I will update the scope of this issue to cover all internal topics and aim for
a unified solution.
Regarding the implementation, I suggested two options in the description:
*1. Server-side enforcement (Controller/AdminManager):*
Rejecting *CreatePartitions* requests for internal topics by default. I also
thought about introducing a safety config (e.g.,
{*}internal.topic.modification.enable{*}) to controller side for advanced users
who might need to override this in emergencies.
*2. CLI Warning*
A softer guardrail in *kafka-topics.sh* (though this wouldn't prevent API
calls).
My initial thought is that *controller-side enforcement* could provide the
strongest guardrail,
but I may be missing constraints or compatibility considerations.
What do you think would be the most appropriate approach here?

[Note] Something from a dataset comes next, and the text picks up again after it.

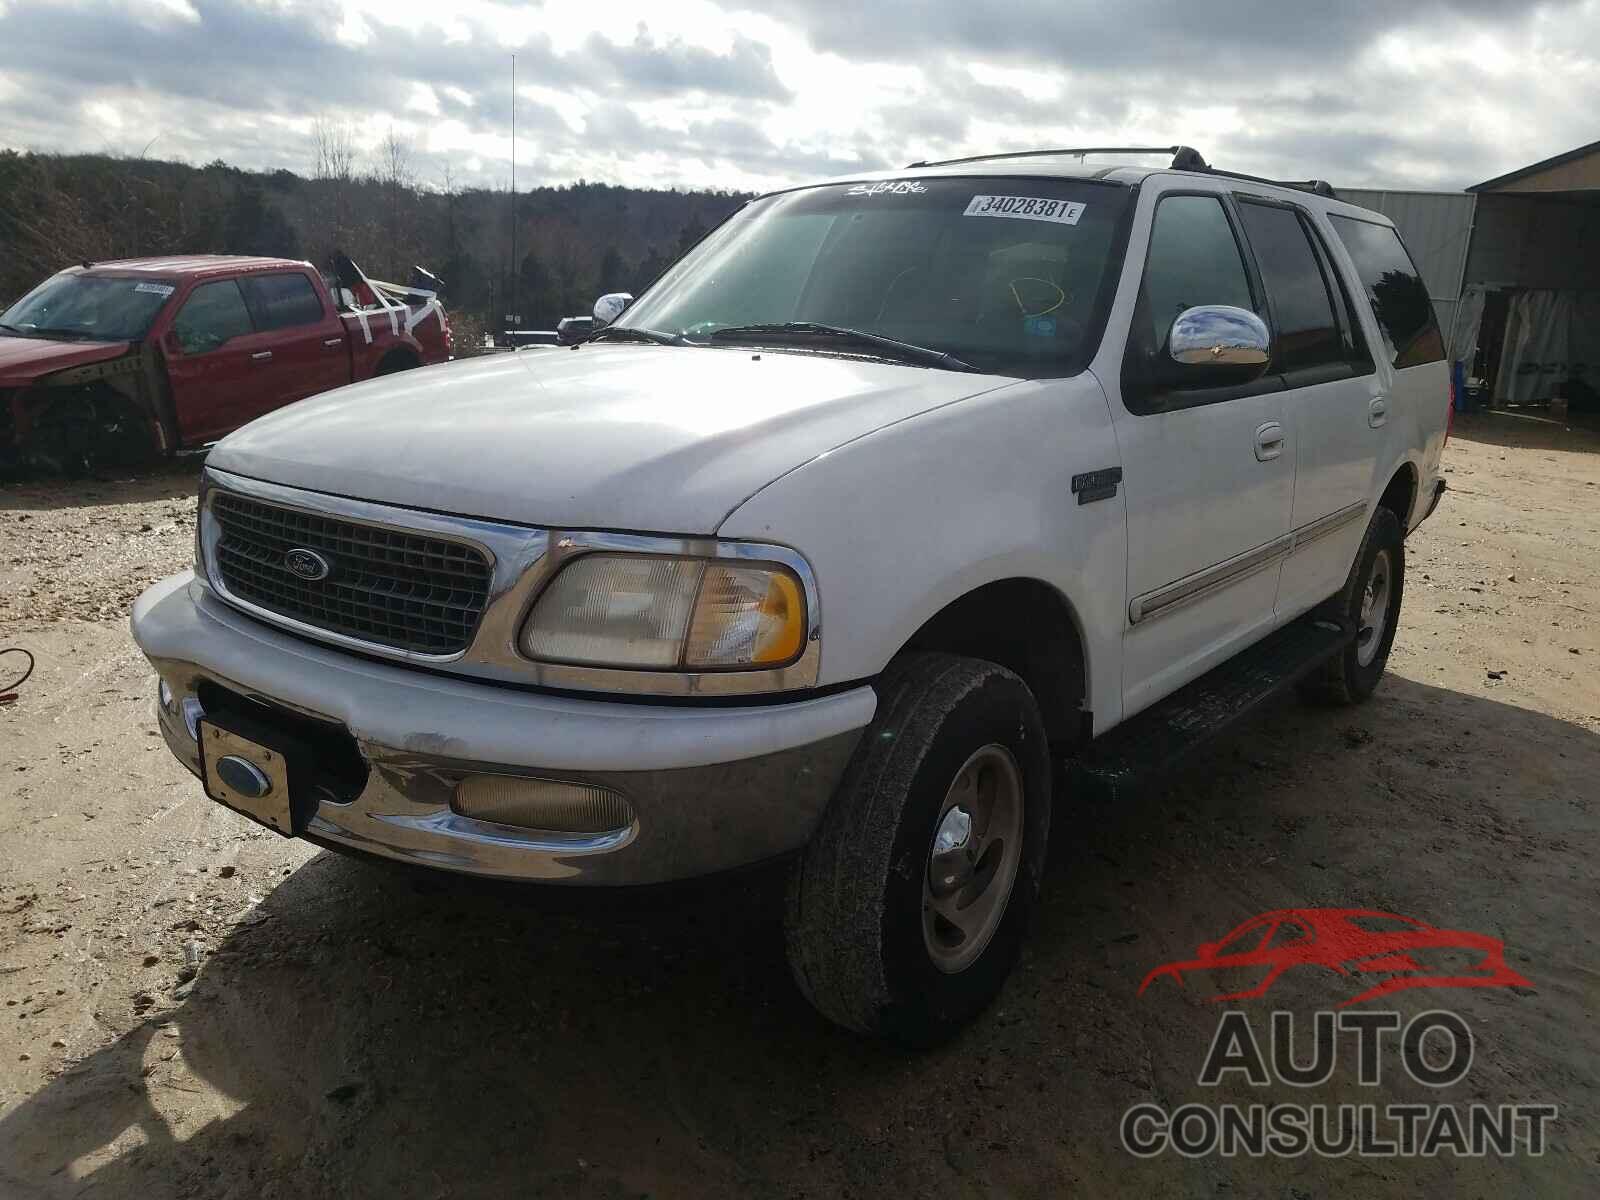 FORD EXPEDITION 1998 - ZACNJBBB0LPL91711

Also, given this would change behavior by rejecting a request that used to be
accepted,
do you think this should go through the *KIP,* or is it reasonable to handle it
as a safety improvement/bug fix (and document it in the release notes)?
Thanks for your time!
was (Author: JIRAUSER303328):
Hi [~schofielaj] !
Thanks for the valuable feedback.
I completely agree with you. The `__consumer_offsets` and `__share_group_state`
topics rely on similar hashing mechanisms,
so they carry similar risks regarding partition expansion.
I will update the scope of this issue to cover all internal topics and aim for
a unified solution.
Regarding the implementation, I suggested two options in the description:
*1. Server-side enforcement (Controller/AdminManager):*
- Rejecting *CreatePartitions* requests for internal topics by default. I also
thought about introducing a safety config (e.g.,
{*}internal.topic.modification.enable{*}) to controller side for advanced users
who might need to override this in emergencies.
*2. CLI Warning*
A softer guardrail in *kafka-topics.sh* (though this wouldn't prevent API
calls).
My initial thought is that *controller-side enforcement* could provide the
strongest guardrail,
but I may be missing constraints or compatibility considerations.
What do you think would be the most appropriate approach here?
Also, given this would change behavior by rejecting a request that used to be
accepted,
do you think this should go through the *KIP,* or is it reasonable to handle it
as a safety improvement/bug fix (and document it in the release notes)?
Thanks for your time!
> Disallow partition count increase for __transaction_state.
> ----------------------------------------------------------
>
> Key: KAFKA-20029
> URL: https://issues.apache.org/jira/browse/KAFKA-20029
> Project: Kafka
> Issue Type: Improvement
> Reporter: sanghyeok An
> Assignee: sanghyeok An
> Priority: Minor
>
> The routing logic for the Transaction Coordinator relies heavily on the
> partition count of the internal topic {{{}__transaction_state{}}}. The
> mapping is determined by
> {code:java}
> Utils.abs(transactionId.hashCode()) % transactionTopicPartitionCount. {code}
> Consequently, changing the number of partitions for {{__transaction_state}}
> (e.g., expanding from 50 to 150) changes the mapping logic. While Kafka
> documentation advises against modifying internal topics, there is currently
> no hard guardrail preventing this via the Admin API.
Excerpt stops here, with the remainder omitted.